Seaquist, Jensen highlight their differences

A 26th District lawmaker who has turned improving the ferry systems into his first priority kicked off his campaign for a second term, promising to continue to reduce inefficiencies and waste in the ferry system as new boats are purchased and constructed.

His opponent acknowledges these problems and in places agrees with his strategy, but feels he may have waited too long to address the problem.

Rep. Larry Seaquist (D-Gig Harbor) was first elected in 2006 to fill the seat being vacated by Derek Kilmer, who moved up to the state Senate.

He is opposed by Marlyn Jensen, a Gig Harbor businesswoman who is taking her first stab at elected office after a lifetime of involvement in Republican politics.

Seaquist, a former Navy captain, held a campaign event inside the USS Turner Joy on Monday evening, stuffing about 40 supporters into the ship’s galley.

While many of them were the usual local political suspects, the presence of House Speaker Frank Chopp (D-Seattle) was meant to underscore Seaquist’s contention that he is a quick study on the issues.

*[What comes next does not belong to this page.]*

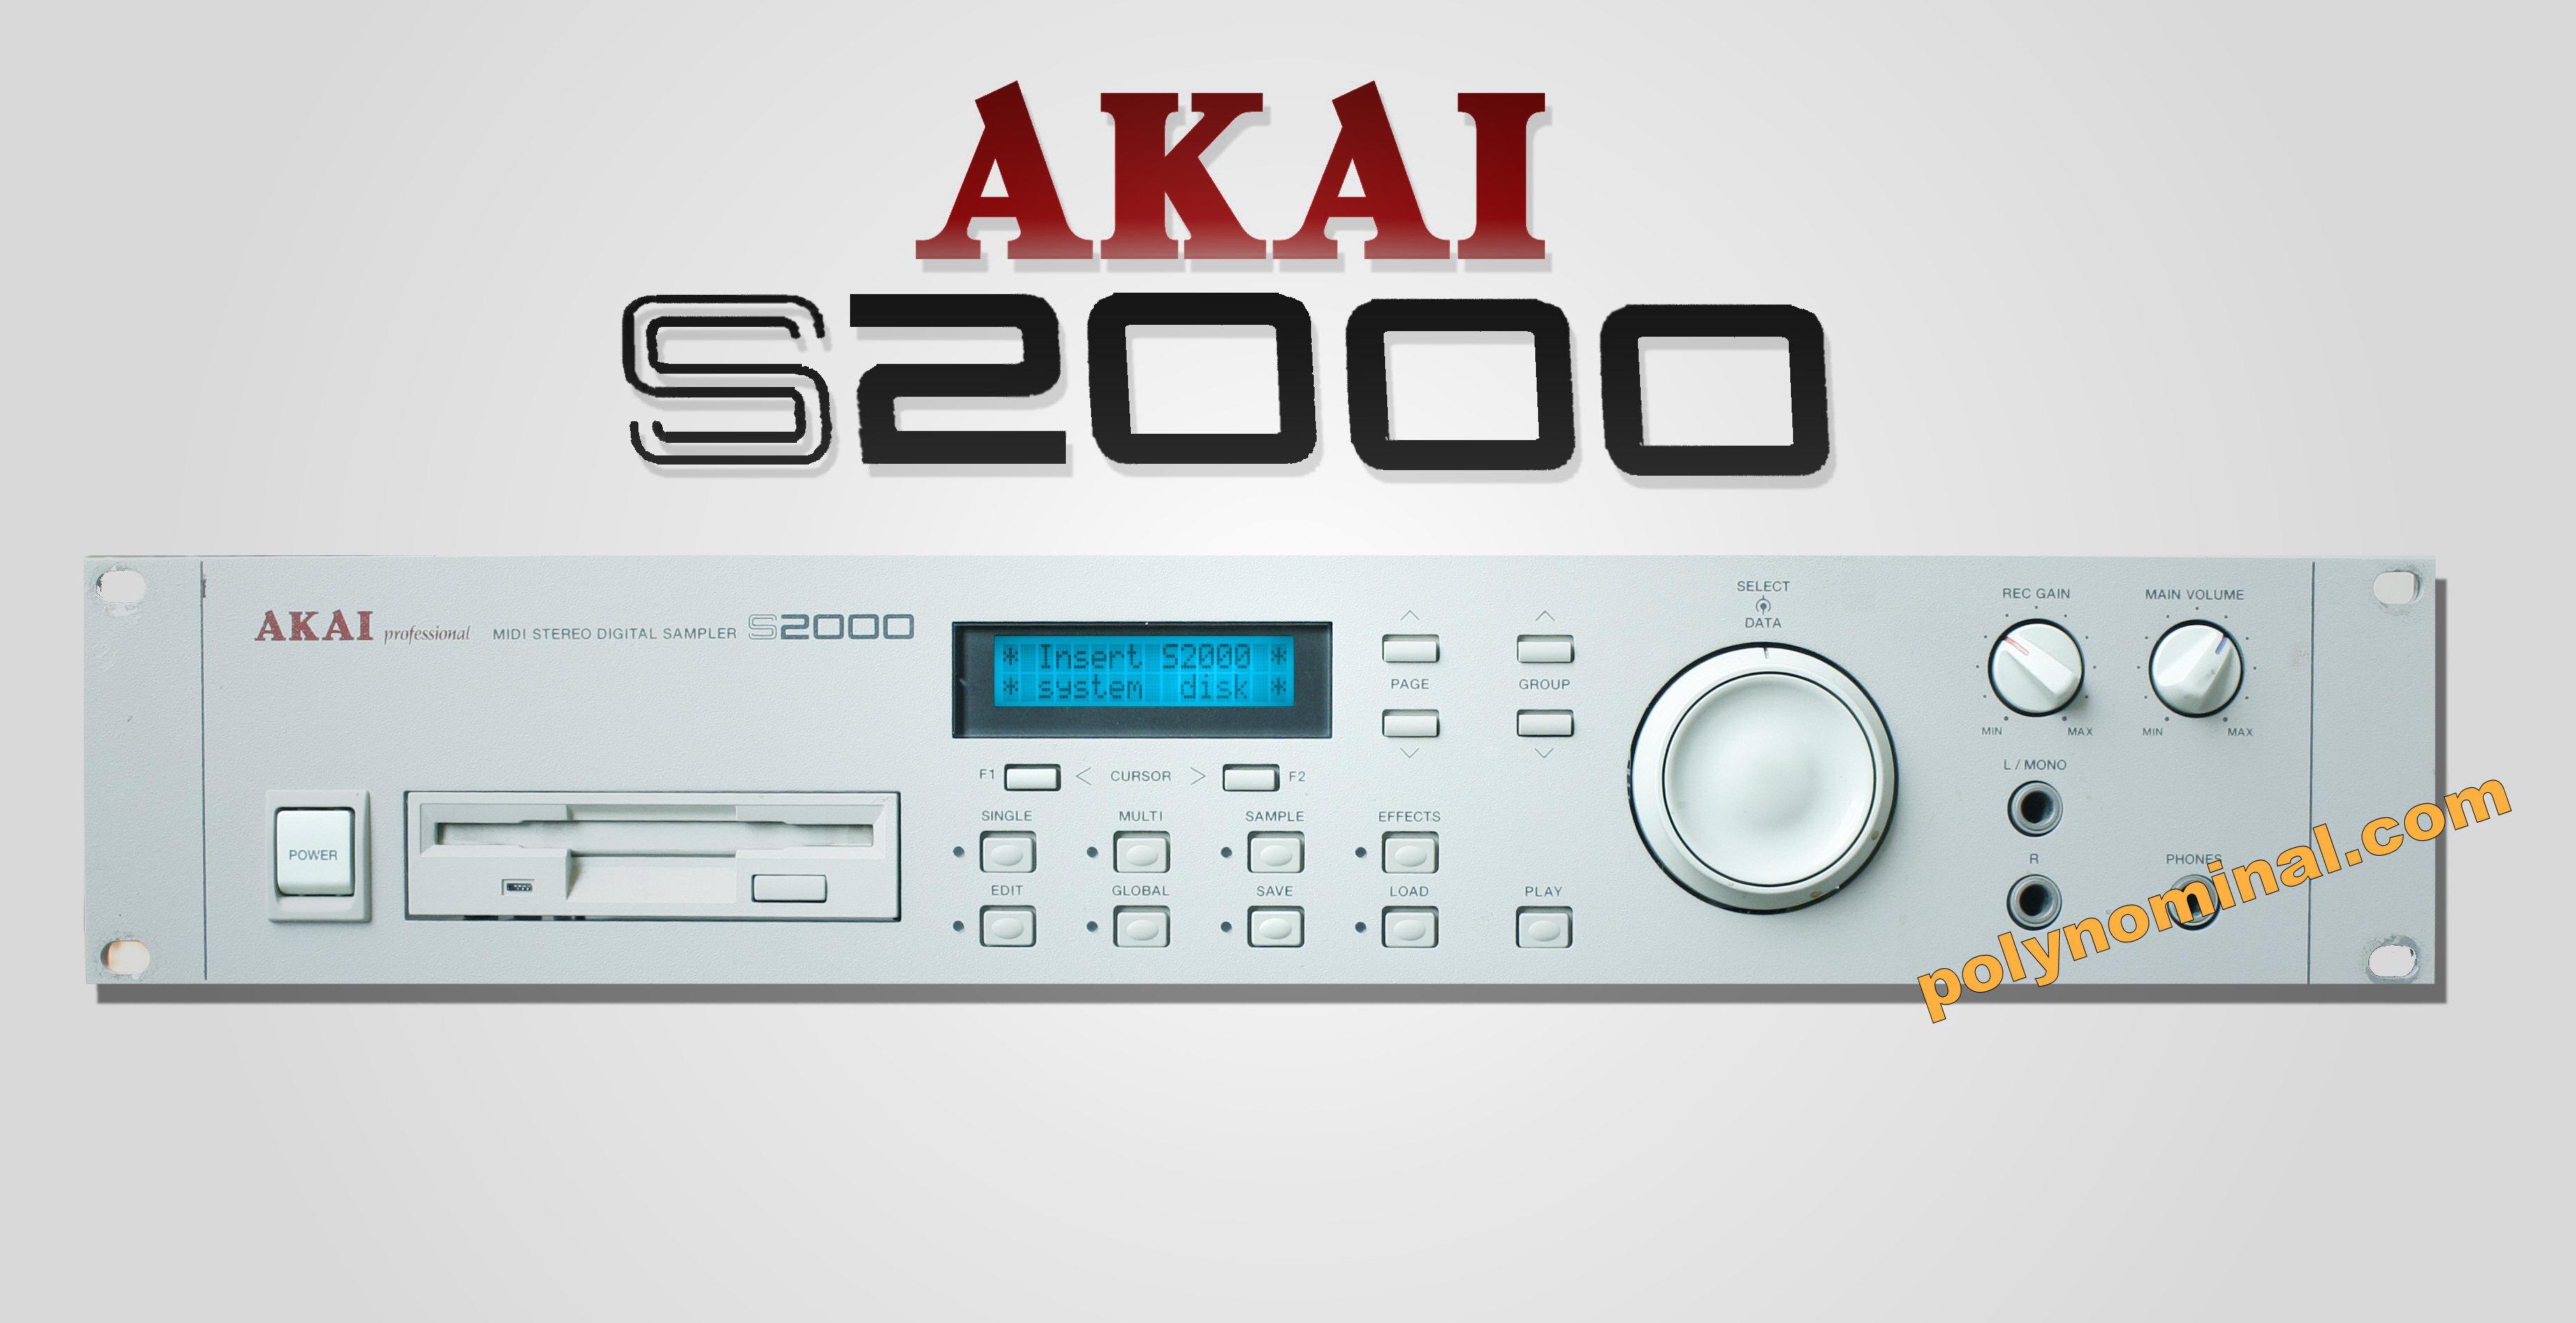 akai s2000 rh polynominal com Akai Z4 Akai Speakers

“He is an outstanding legislator,” Chopp said. “He was off and running on the first day. He has been our lead on how the ferries are reformed, and how we get the best dollar value for our investment.”

Chopp said Seaquist’s Navy experience gives him an advantage in representing the district, due to the strong military presence.

Seaquist, 69, made several comparisons in his address to supporters. The Washington State Ferry system, he noted, has 1,600 on-board workers, moving 25 million people each year — about the same as Seattle-Tacoma International Airport does with many more employees.

The ferry crews are also about the same as Seaquist supervised as a battleship captain, while using a 3 percent administrative overhead.

“The ferry system has a 20 percent administrative overhead,” Seaquist said. “There are 323 people working in the WSF headquarters, and half of them are doing nothing but designing ferries. This is a rogue organization, a dysfunctional organization that desperately needs to be overhauled and downsized.”

Jensen, 65, said she disputed Seaquist’s claim that he was a “fiscally conservative Democrat,” citing his low rating from the Washington Conservative Union.

She said that she “wouldn’t have waited so long to address the ferry problem” and would have put away money to pay for ferry improvements instead of waiting for the situation to become a crisis.

While Jensen criticized Seaquist’s stand against a proposed NASCAR track along with his negative characterization of NASCAR fans, she stopped short of saying that she would have supported the venture herself.

“I will look into everything that creates jobs,” she said. “I want to limit regulations on small business, because 54 percent of all the dollars taken in by small businesses are taxed, Most businesses cannot continue with that kind of disadvantage.

“It is my understanding that NASCAR was not investigated all that deeply when it made its proposal,” she said. “We need to investigate any company that wants to bring its businesses here, and make it easier for them to do this.”

Jensen said transportation money should not go into the general fund and then allocated to the ferries. Rather, it should follow a more direct path. This process should also government would be more efficient if it was followed in other departments, such as education and public safety.

“There needs to be more accountability,” she said. “When money is put into the general fund it becomes harder to allocate.”

Jensen said she would work very hard to inform the public about important issues and would spend her own money for newspaper advertising if necessary. She said she would approach every legislator directly and lobby for these issues.

Additionally, Jensen said that laws passed to track child molesters were not stringent enough and she would work to expand their scope.

As the only declared candidates for their respective parties, Jensen and Seaquist will face each other twice — once in the Aug. 18 primary and again Nov. 4 in the general election.

They expect to make several joint appearances throughout the campaign, beginning with their participation in a Kitsap Alliance for Property Owners forum at 7 p.m. June 19 at the Givens Center in Port Orchard.